**What to work on**.
The required output is the exact text of the lines from the line containing "In Bitter Divorce" through the final line below, inclusive, without pictures.

**Recorded data**.
..............................
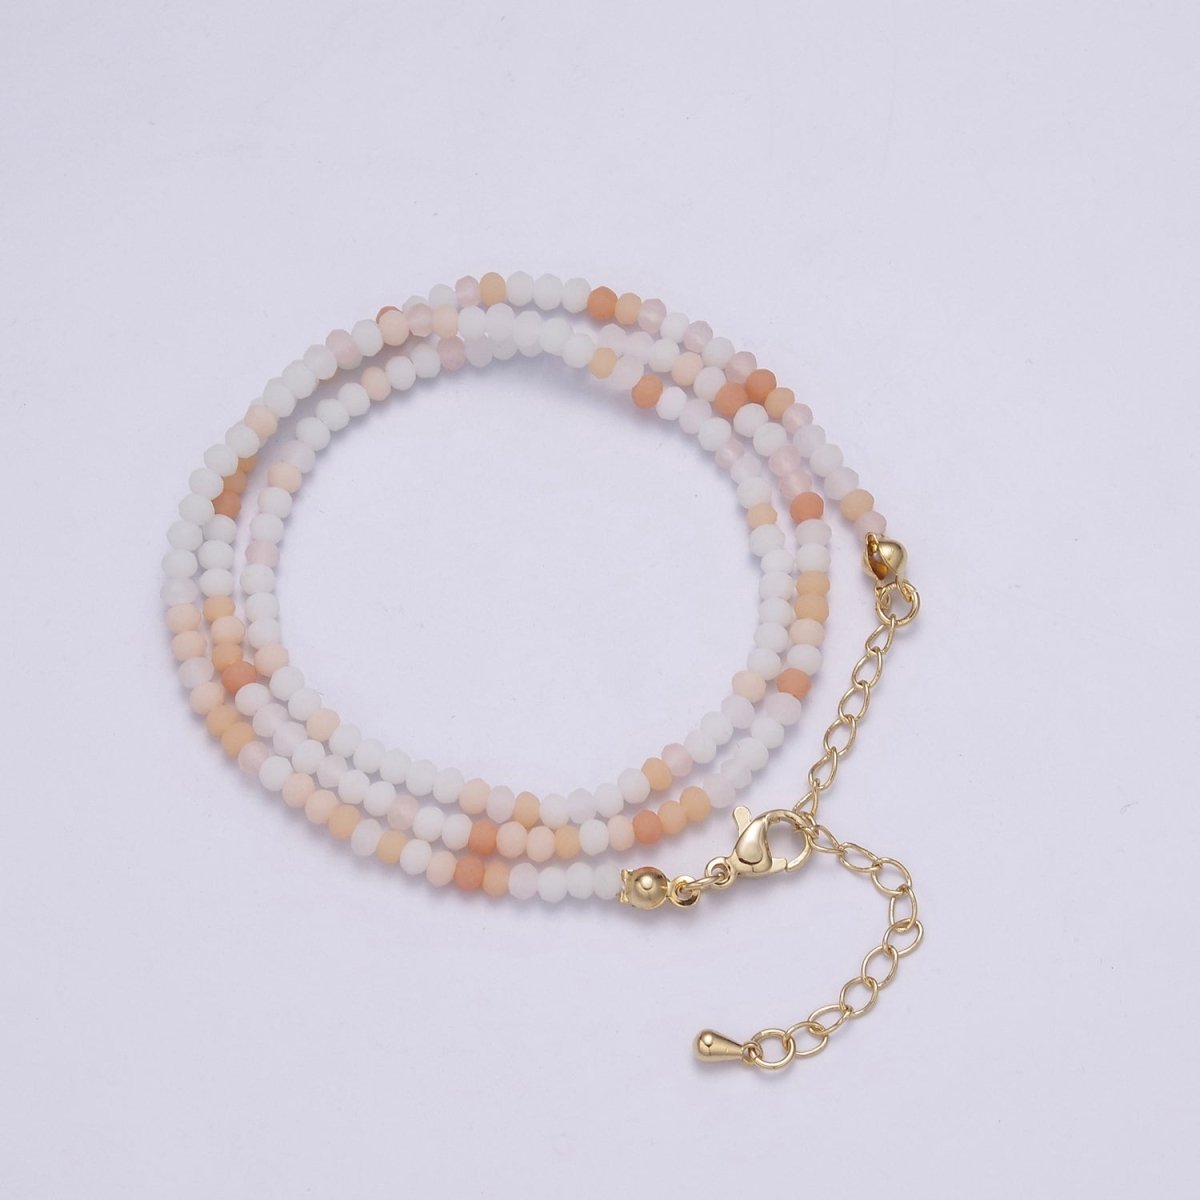 Dainty Peach Beads Necklace 3mm Micro Faceted Round Beads Necklace, Tiny Bead Necklace, Women's Necklace | WA-453 Clearance Pricing - DLUXCA
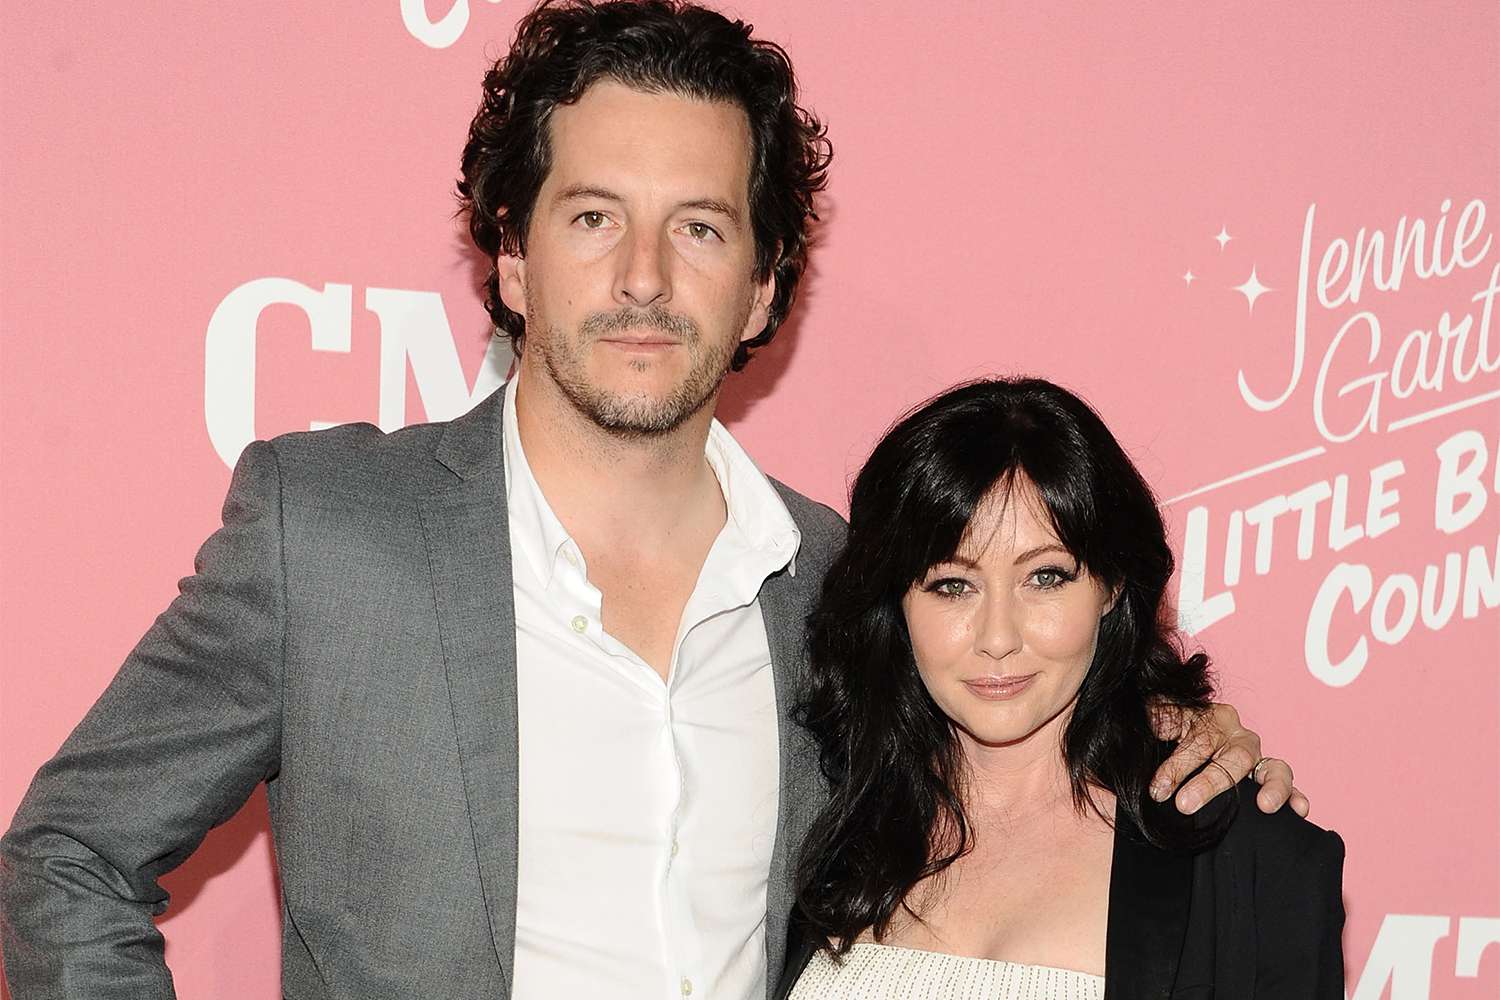 ‘He Shattered Her World’: Shannen Doherty ‘Refusing To Give’ Estranged Husband Kurt ‘a Dime’ In Bitter Divorce
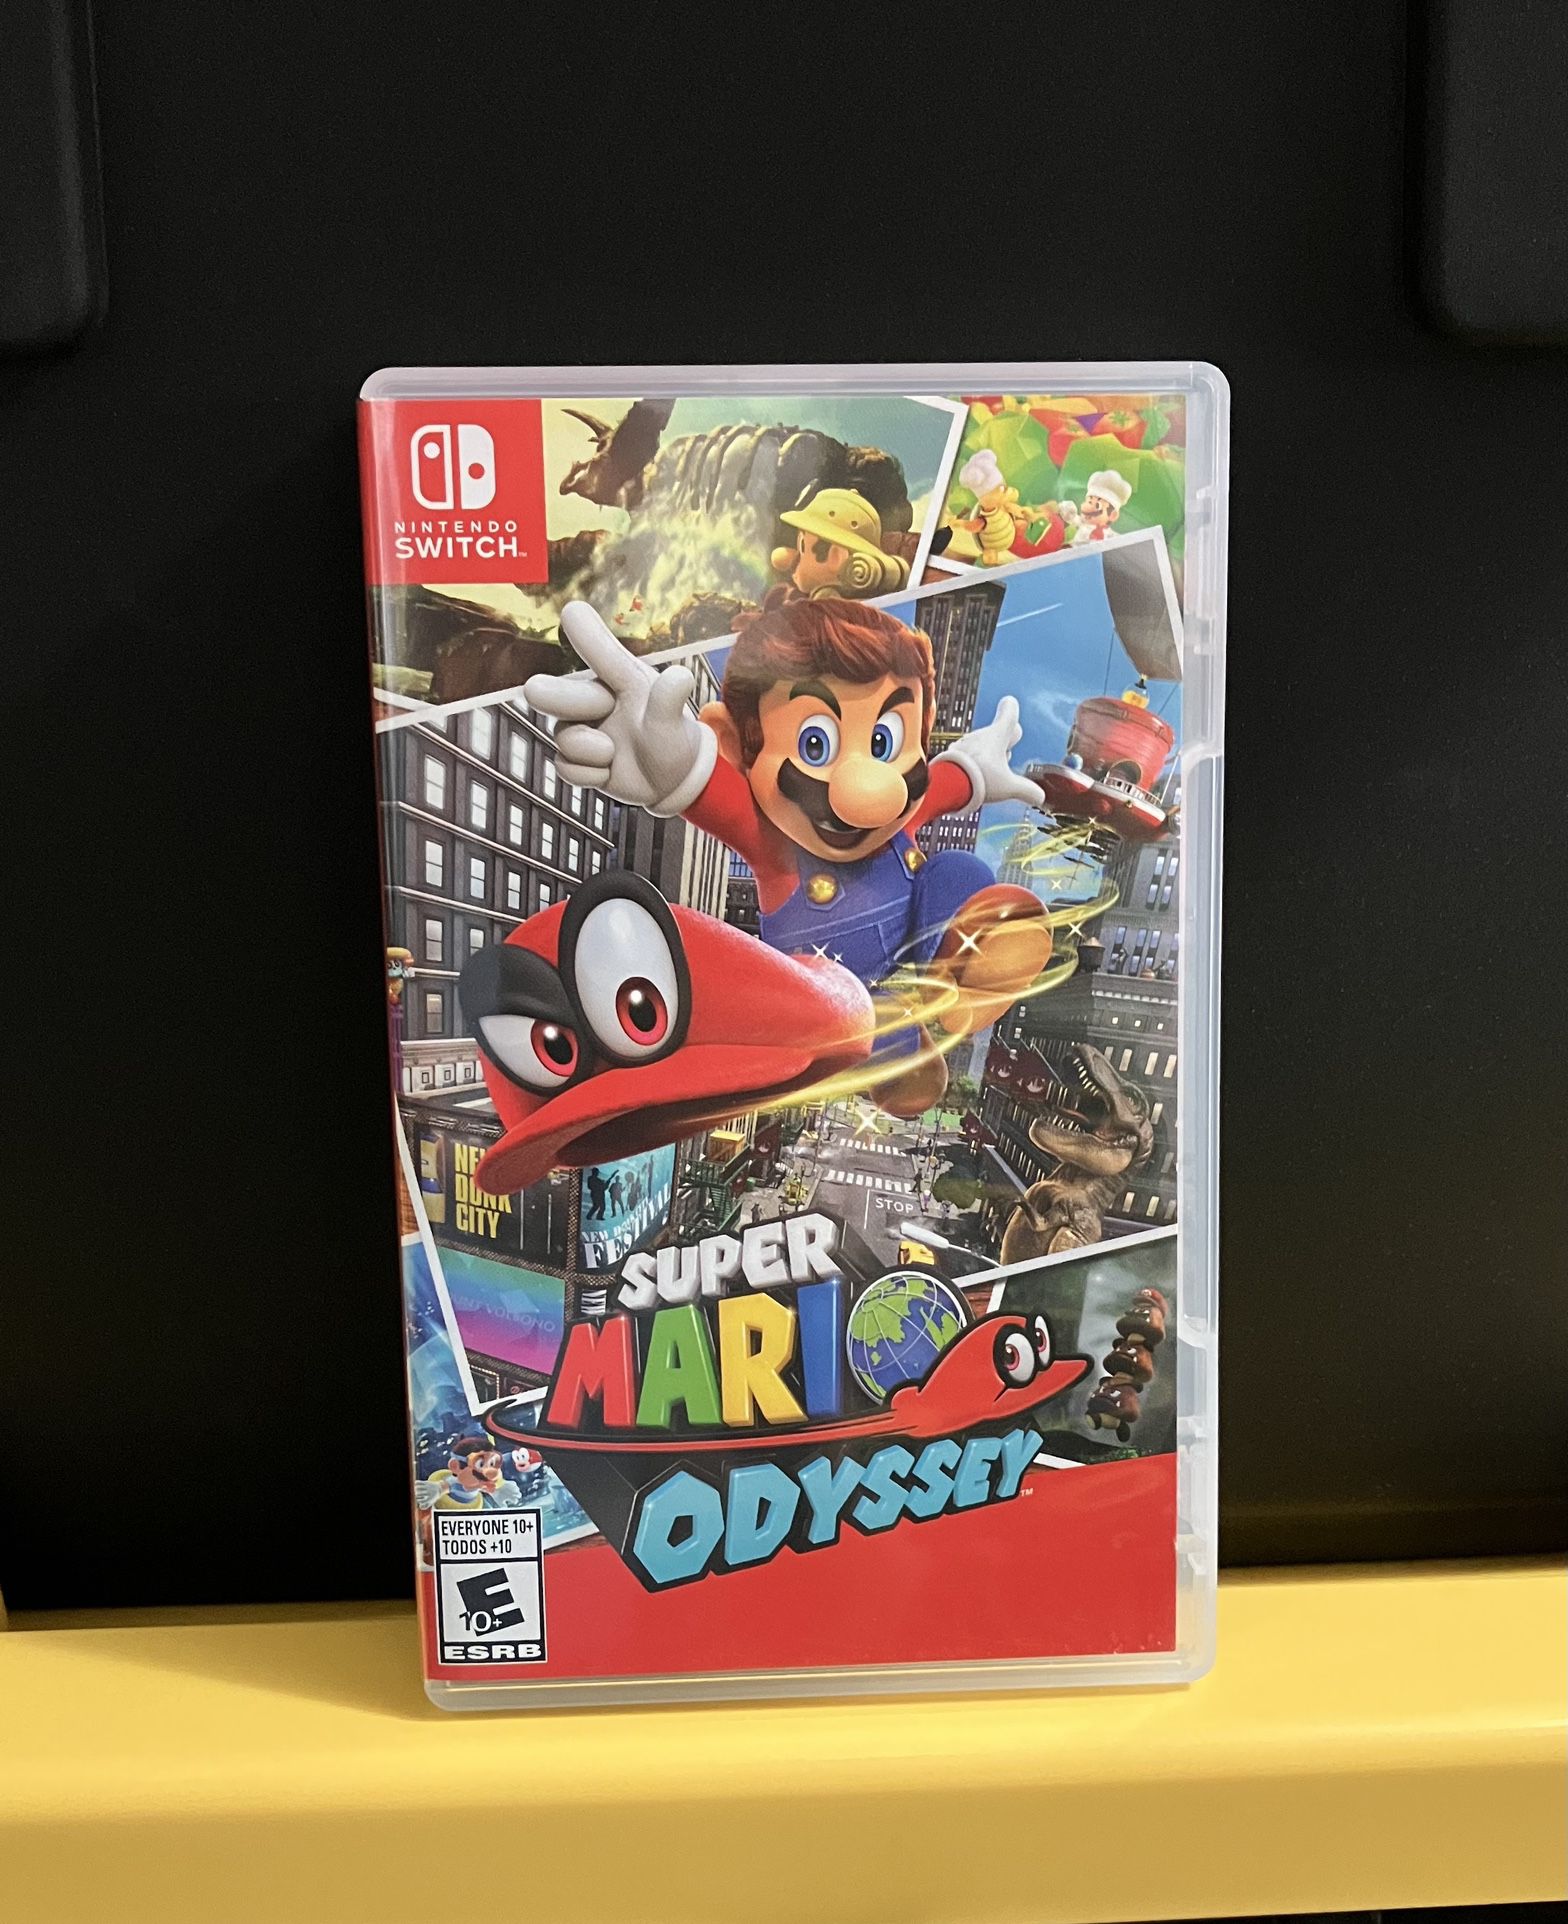 Super Mario Odyssey COMPLETE for Nintendo Switch system brothers bros Luigi lite or Oled Light
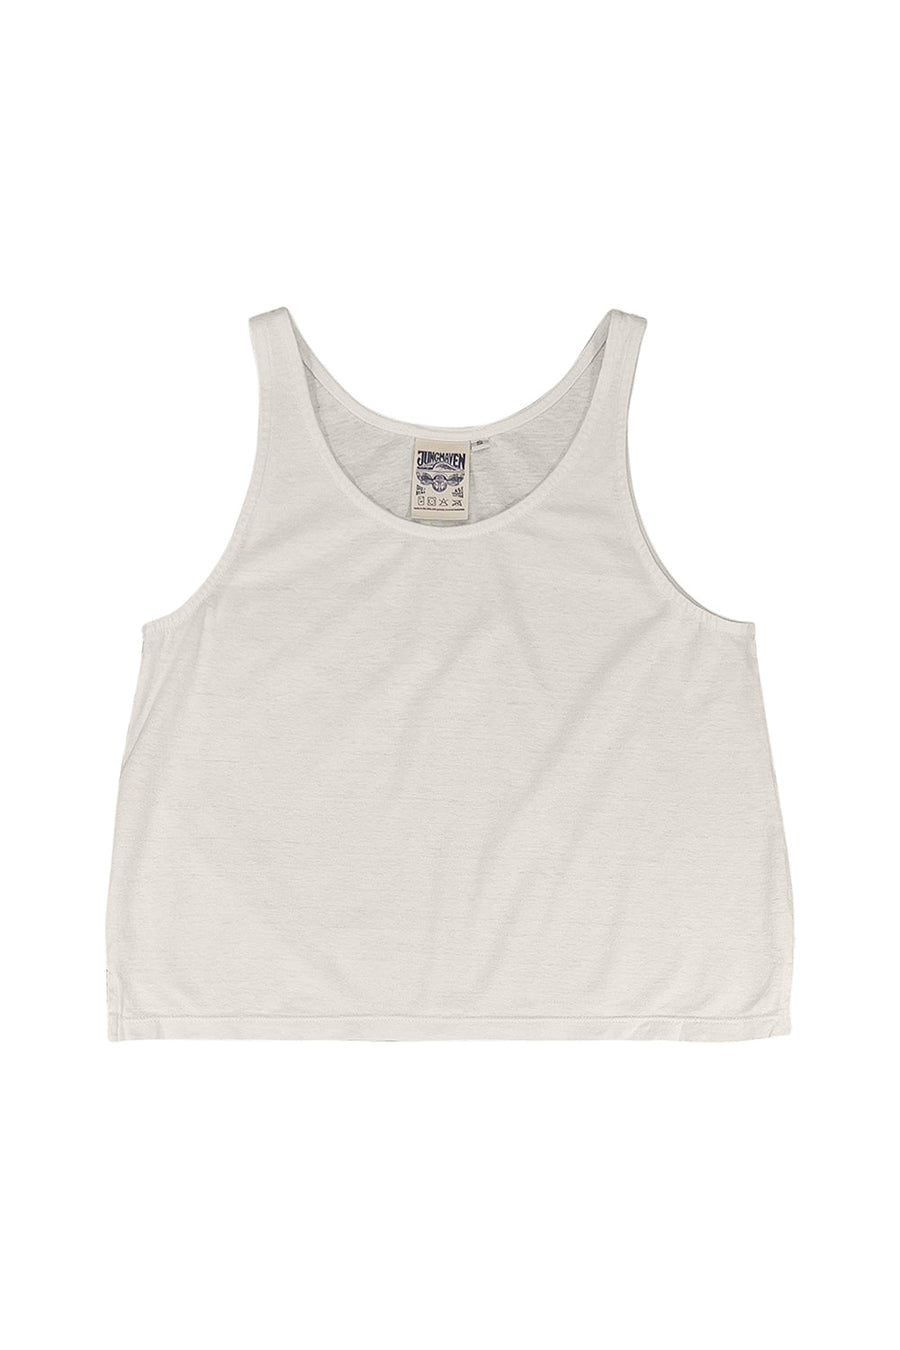 CROPPED TANK TOP - WASHED WHITE
..............................
**Answer to this task**.
 ‘He Shattered Her World’: Shannen Doherty ‘Refusing To Give’ Estranged Husband Kurt ‘a Dime’ In Bitter Divorce
 Super Mario Odyssey COMPLETE for Nintendo Switch system brothers bros Luigi lite or Oled Light
 CROPPED TANK TOP - WASHED WHITE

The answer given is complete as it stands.